Furthermore, the present invention can be applied to area gradation recording using six impact dots. In this case, 1 horizontally
By recording with a shift of /2 pitches, the result is a shift of 1 pitch in the uncolored area - (1 of the area of the formed shield colored part)
/2 and six color parts can be formed.

In addition, forming and covering the colored part by 1/2 pitch in the horizontal lj direction (including density, 3/'2 and 5./2 pitch tongue shift J) [Effects of the invention 1 hereafter J- According to the present invention, according to the density of each pixel, the area of the color part is changed to a matrix of ('n In this method, the pitch of the matrix elements formed in the horizontal direction is shifted by 1./2, and the transfer recording is performed, so the minimum gradation level width is set to 1/2 of the pitch of the conventional method.
The number of gradation levels can be reduced to approximately 2 to 8 without reducing resolution, and the density can be reproduced with J or more faithful gradations.

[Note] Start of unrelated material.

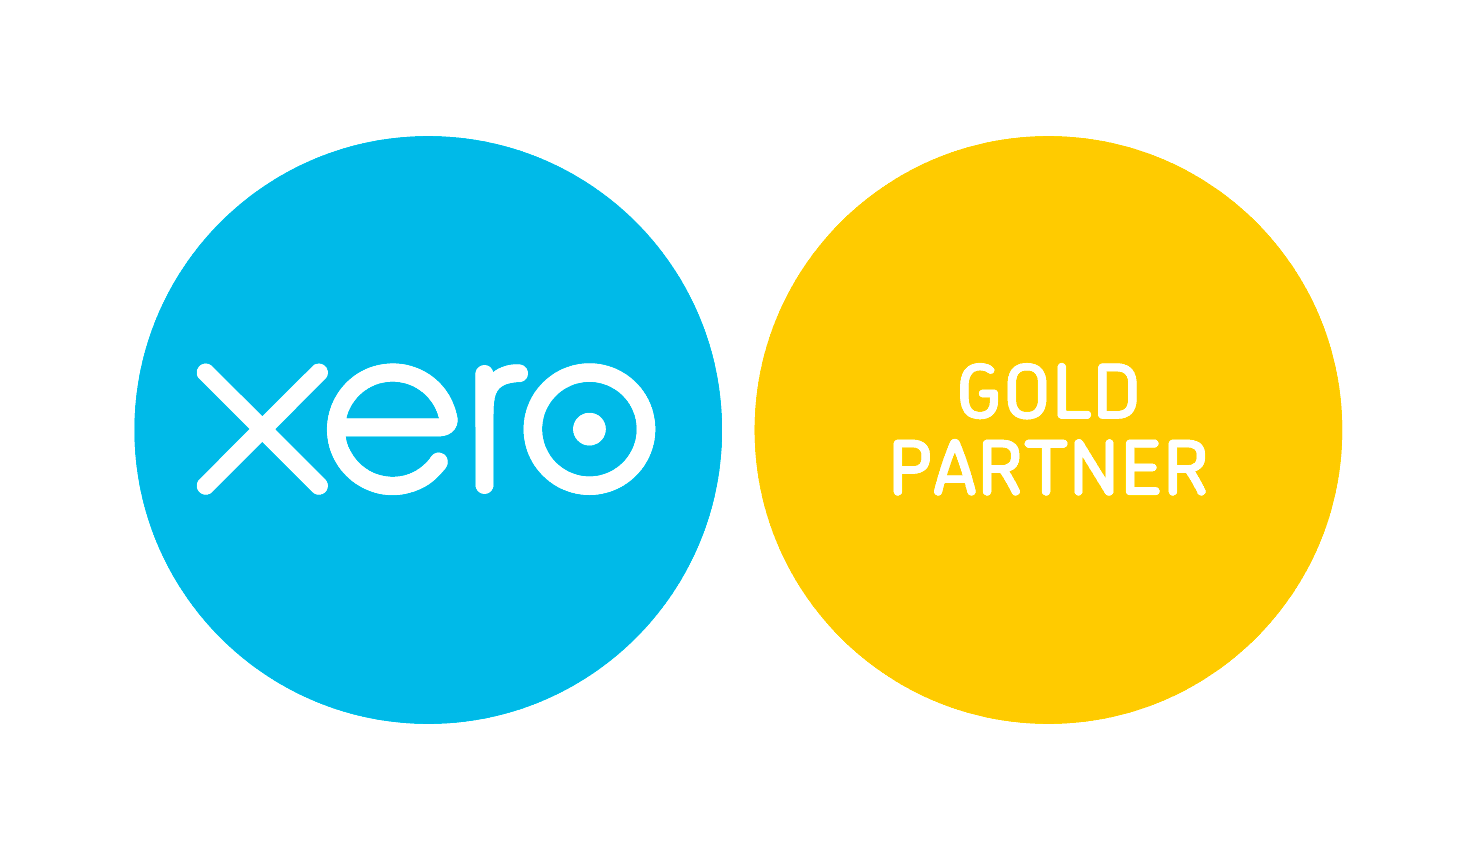 Xero Gold Partner approved

[Brief explanation of the drawing]

Figures 1 to 5 show a first embodiment of the present invention, and Figure 1 is a diagram showing a 31-gradation pattern that can be realized with 7 4 x 4 tricks according to the present invention. FIG. 2 is a perspective view showing the outline of the recording system used in the first embodiment, FIG.
The figure shows the dot pattern when recording with the 4 normal heads in Figure 3, Figure 5 shows the recording pattern when one pixel is displayed in a 4 x 4 matrix, Figures 6 and 7 The figure relates to the second embodiment of the present invention, and is shown in Fig. 6 (E'').
is an explanatory diagram showing how two thermal heads are arranged in a line (-density 5), and the same figure (b) is the same figure (
Fig. 7 (a) is a side view of Fig. 7 (a) showing the recording pattern transferred and recorded by the first thermal head in Fig. 6, and Fig. 7 (b) is a side view of the case where the recording pattern is further transferred and recorded by the second one normal head. Figure 8 shows the recording pattern of J[
) is a diagram showing a pattern for gradation recording. 1. concentration. 12...Remal head 2...Heating resistance element 3...Recording paper 4...
Ink sheet 13...Brain opening - Figure 1

Claims (1)

[Claims] In an area gradation recording method in which the number of colored elements in a matrix consisting of n×m elements is recorded in correspondence with the density of each pixel, gradation is recorded by the area of the colored part according to the density. . An area gradation recording method, characterized in that the number of gradation levels can be increased by forming colored portions shifted by approximately 1/2 of the pitch between elements in the horizontal direction of the matrix.